Local Adaptive Grouped Regularization and its Oracle Properties for Varying Coefficient Regression
Wesley Brooks, Jun Zhu, Zudi Lu

TL;DR
This paper introduces a novel local adaptive grouped regularization (LAGR) method for spatially varying coefficient regression, enabling local variable selection and coefficient estimation with proven oracle properties.
Contribution
The paper proposes the LAGR method for local variable selection in spatially varying coefficient models, with theoretical oracle properties and practical validation.
Findings
LAGR effectively selects relevant covariates at each spatial point.
The method demonstrates strong finite sample performance in simulations.

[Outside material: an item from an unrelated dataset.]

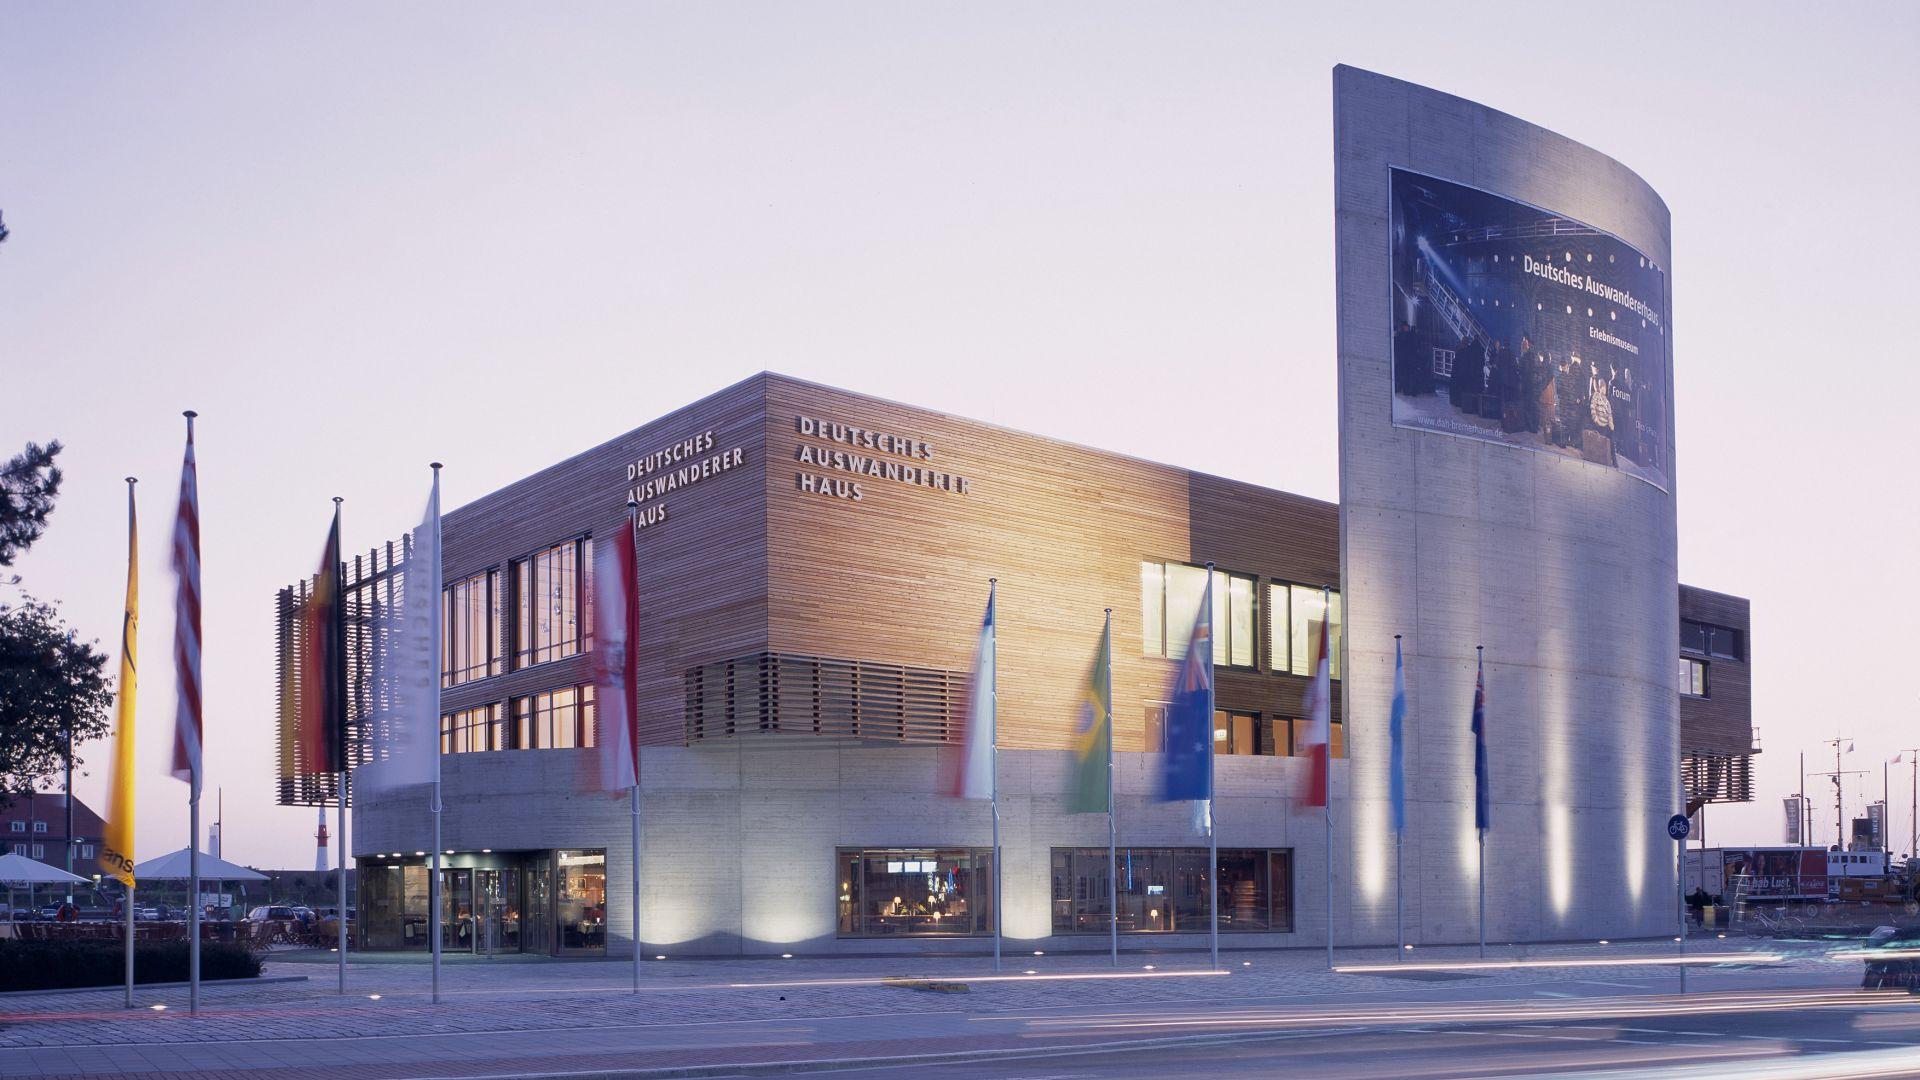 Bremerhaven: German Emigration Center, exterior view

Application to Boston housing data illustrates practical utility.
Abstract
Varying coefficient regression is a flexible technique for modeling data where the coefficients are functions of some effect-modifying parameter, often time or location in a certain domain. While there are a number of methods for variable selection in a varying coefficient regression model, the existing methods are mostly for global selection, which includes or excludes each covariate over the entire domain. Presented here is a new local adaptive grouped regularization (LAGR) method for local variable selection in spatially varying coefficient linear and generalized linear regression. LAGR selects the covariates that are associated with the response at any point in space, and simultaneously estimates the coefficients of those covariates by tailoring the adaptive group Lasso toward a local regression model with locally linear coefficient estimates. Oracle properties of the proposed…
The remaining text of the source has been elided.